— Data excerpts —
# # #
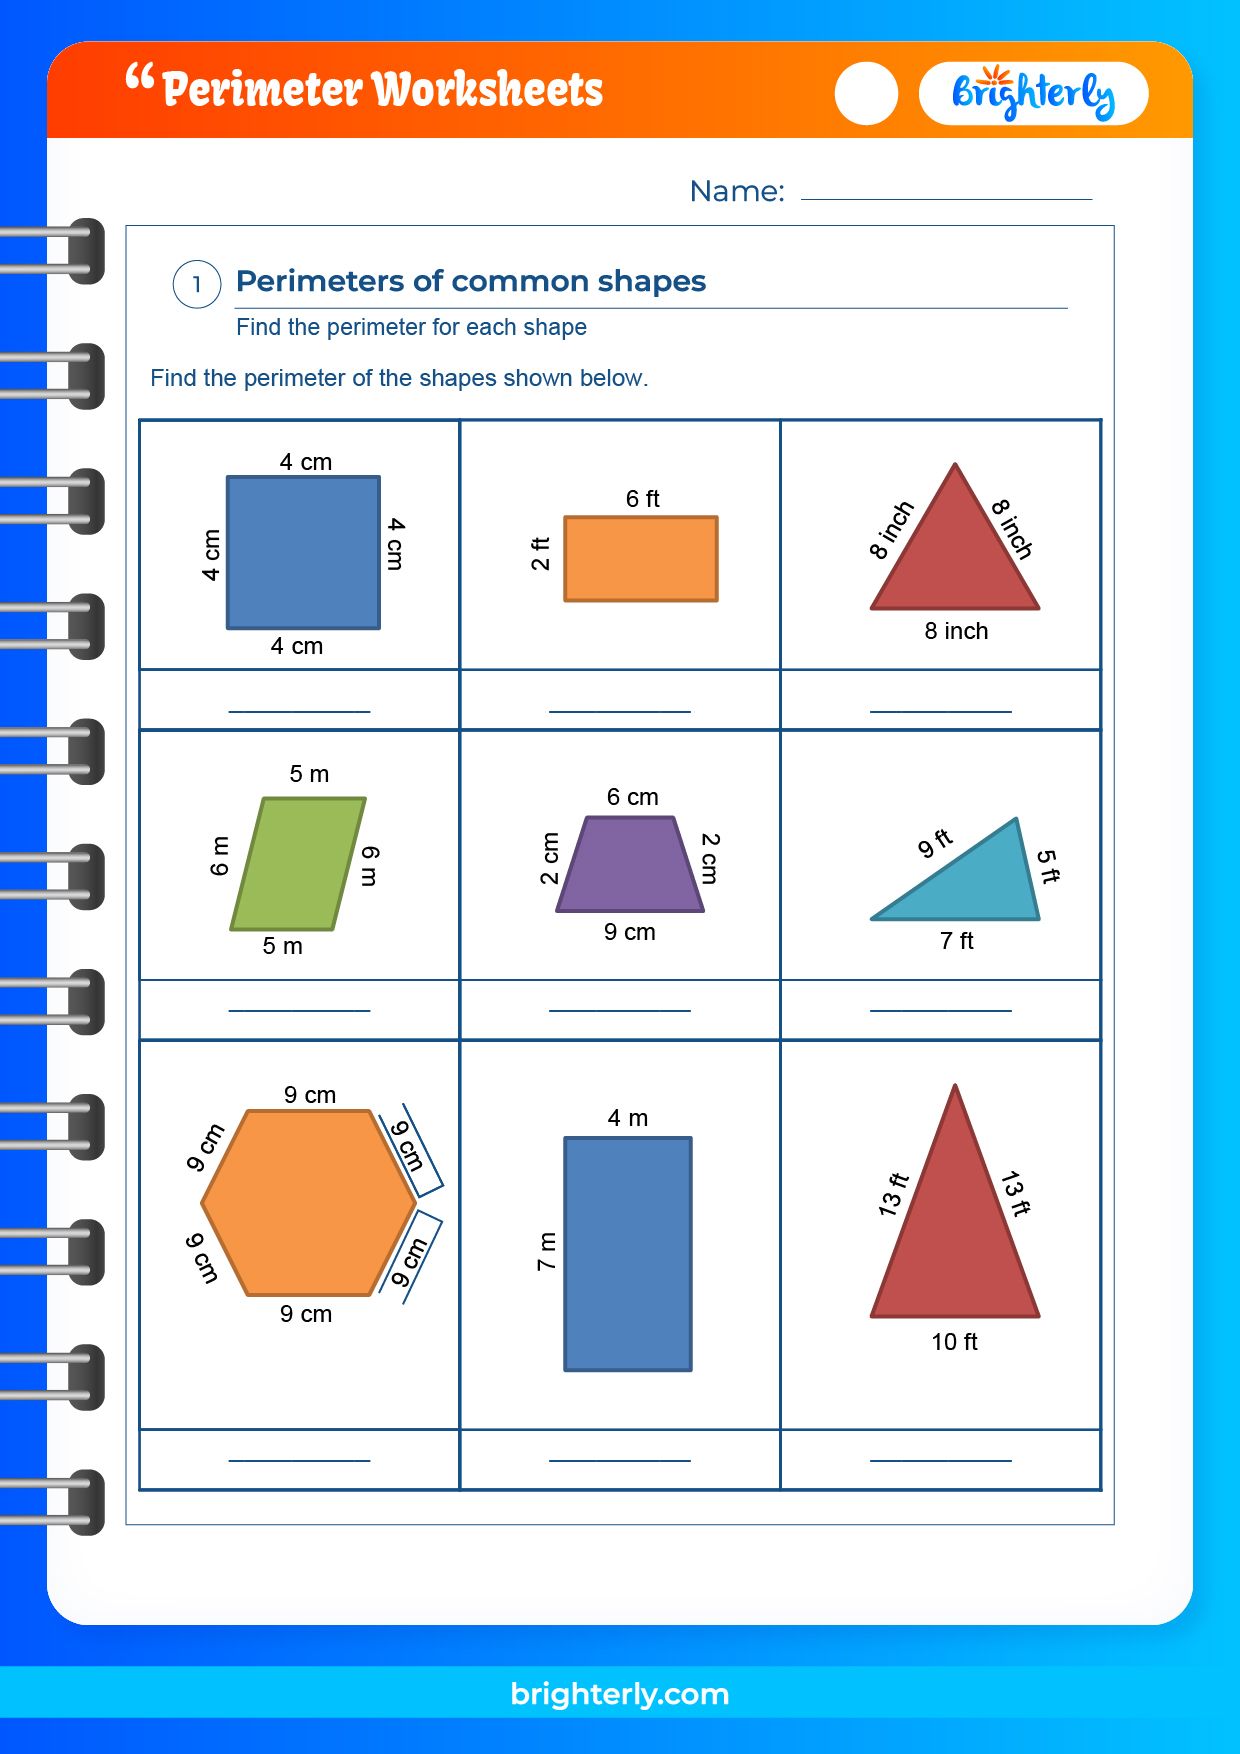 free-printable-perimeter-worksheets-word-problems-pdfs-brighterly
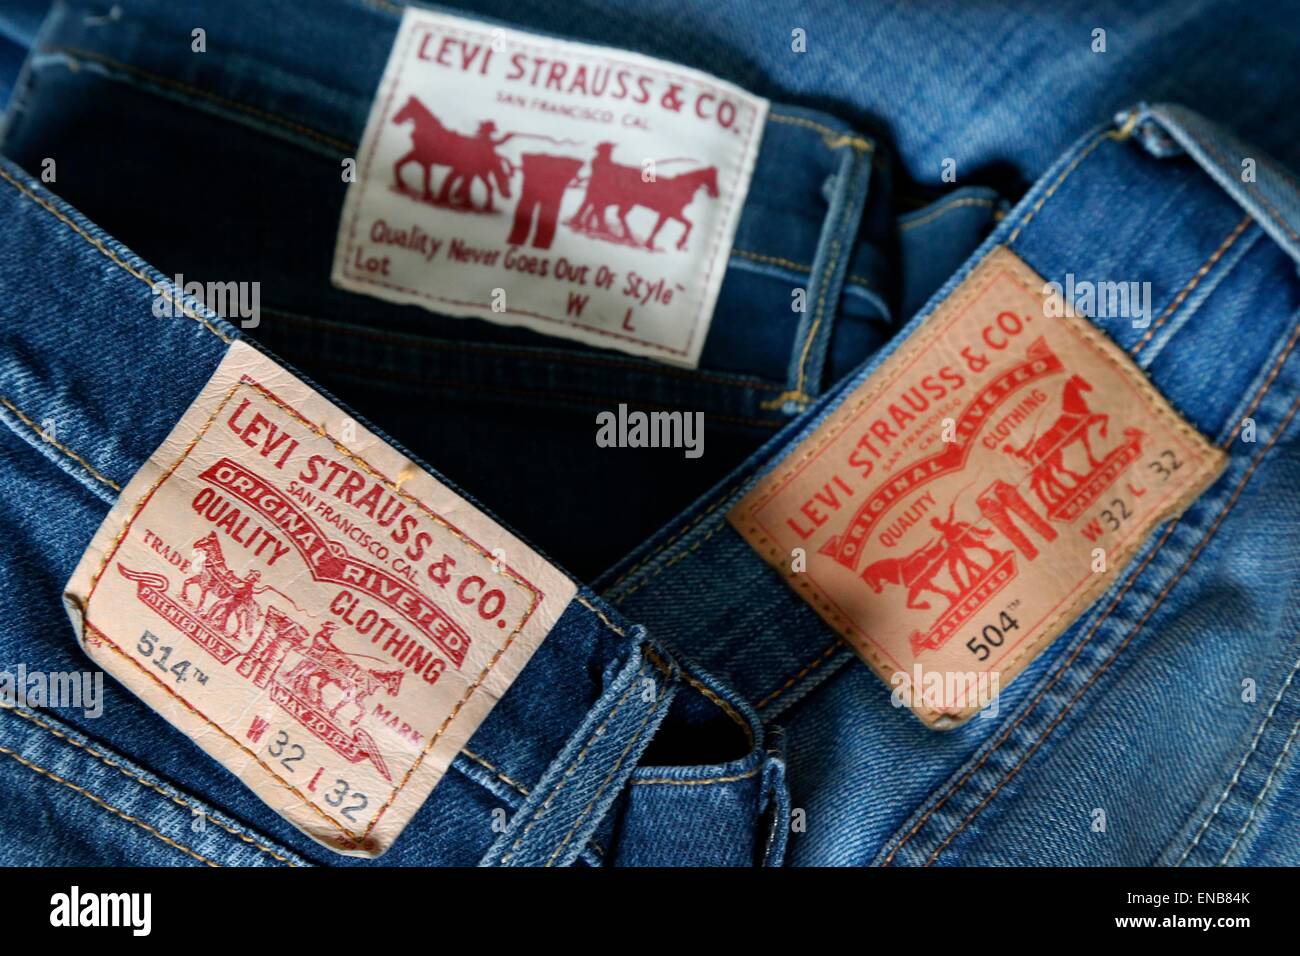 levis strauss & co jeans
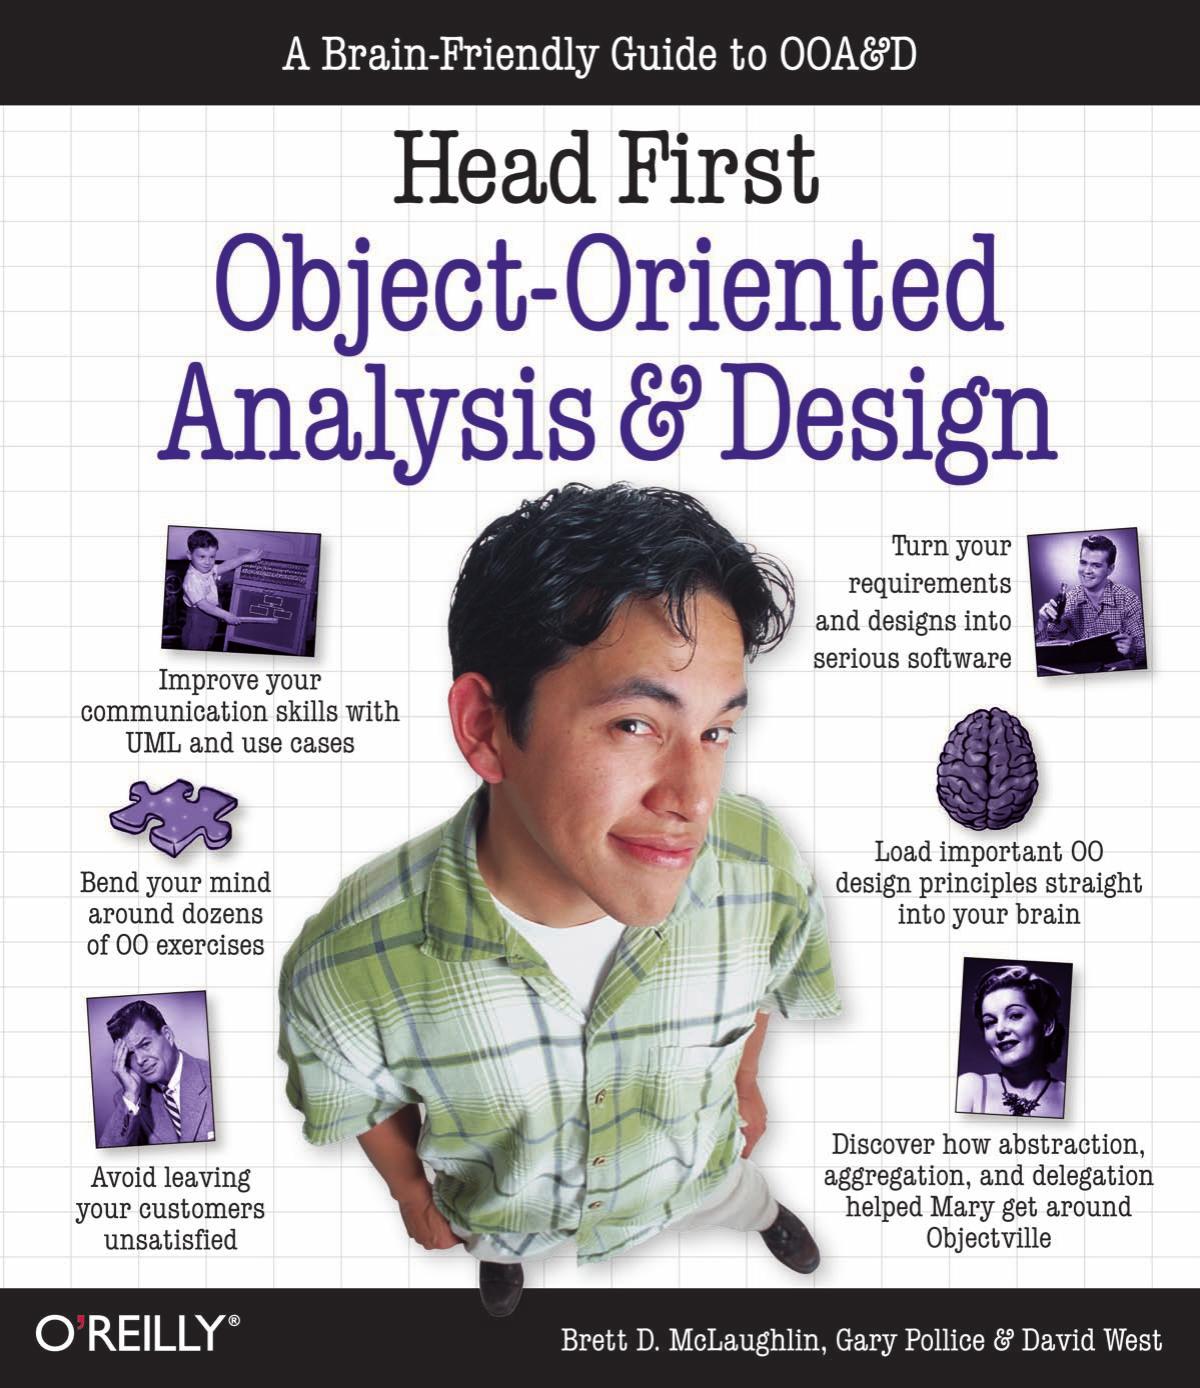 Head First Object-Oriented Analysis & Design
# # #
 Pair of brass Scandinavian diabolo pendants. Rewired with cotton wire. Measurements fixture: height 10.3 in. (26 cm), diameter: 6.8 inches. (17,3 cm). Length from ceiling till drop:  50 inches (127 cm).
# # #
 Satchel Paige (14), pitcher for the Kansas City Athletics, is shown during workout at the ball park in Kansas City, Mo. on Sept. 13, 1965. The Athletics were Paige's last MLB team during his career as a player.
# # #
— Problem to solve —
Range to print from the listing above: from the line with "levis strauss & co jeans" up to and including the line with "Head First Object-Oriented Analysis & Design". Please print those lines exactly, with no pictures and nothing more.

— Response to the exercise —
 levis strauss & co jeans
 Head First Object-Oriented Analysis & Design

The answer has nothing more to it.